Pointer to a string that appears in the alert/floating window/system movable modal alert. If this field is set to NULL, no alert/ floating window appears/system movable modal alert. Your application should not dispose of this storage until it removes the notification request.


Universal procedure pointer to a response function. If this field is set to NULL, no response function executes when the notification is posted. If this field is set to -1, a pre-defined function removes the notification request when it has completed. However, on Mac OS 8/9, if either nmMark or nmIcon is non-zero, do not set nmResp to -1, because the Notification Manager will remove the diamond mark or the icon before the user sees it.

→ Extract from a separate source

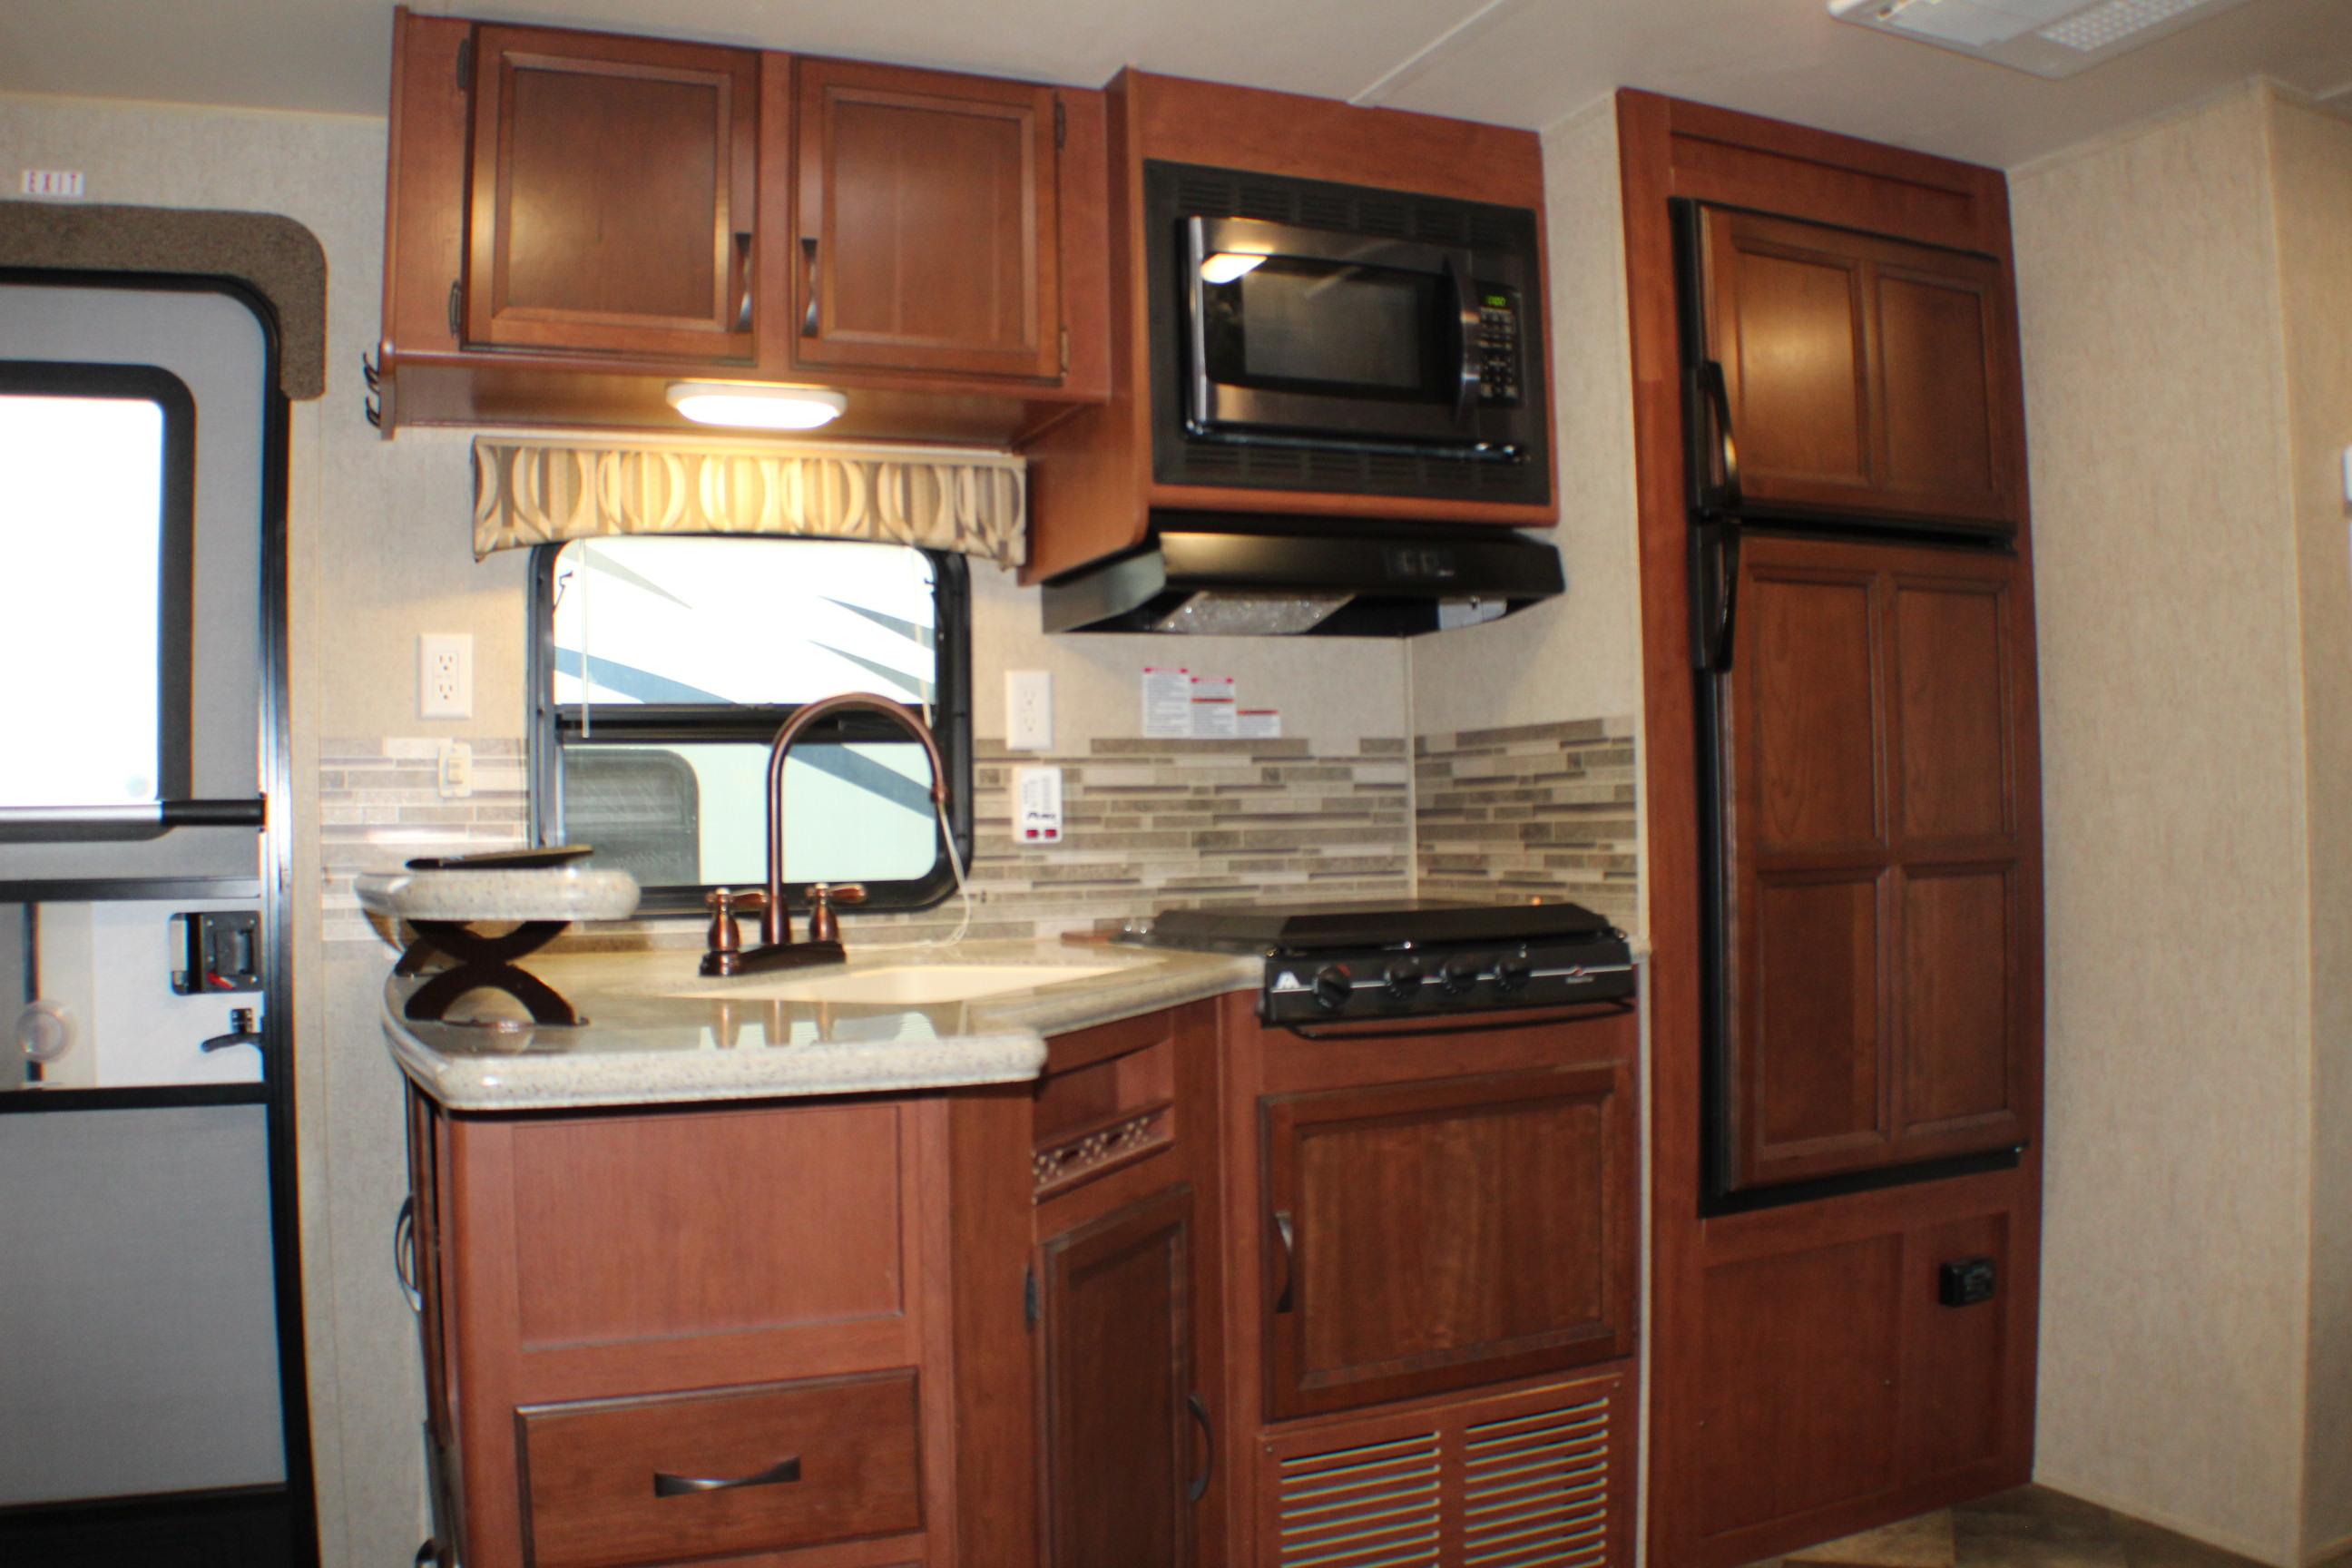 b kitchen3

If you do not need to do any processing in response to the notification, you should set this field to NULL. If you supply a universal procedure pointer to your own response function, the Notification Manager passes your response function one parameter, namely, a universal procedure pointer to your notification structure. Accordingly, this is how you would declare a response function having the name theResponse:

     void  theResponse(NMUPP nmStructurePtr);

You can use response functions to remove notification requests from the notification queue, free any memory, or set a global variable in your application to record that the notification was posted.

Note that an nmResp value of -1 does not free the memory block containing the queue element; it merely removes that element from the notification queue.


For your application's own use.

Installing a Notification Request

NMInstall is used to add a notification request to the notification queue. The following is an example call:

     osError = NMInstall(¬ificationStructure);

Before calling NMInstall, you should make sure that your application is running in the background. If your application is in the foreground, you simply use standard alert methods, rather than the Notification Manager, to gain the user's attention.

Removing a Notification Request

NMRemove is used to remove a notification request from the notification queue. The following is an example call:

     osError = NMRemove(¬ificationStructure);

You can remove requests at any time, either before or after the notification actually occurs.

On Mac OS 9.x and Mac OS X the user does not have to dismiss the notification before being able to activate the application. For this reason, when your application is running on Mac OS 9.x or Mac OS X, may wish to have it explicitly cancel the notification using NMRemove when the application becomes active.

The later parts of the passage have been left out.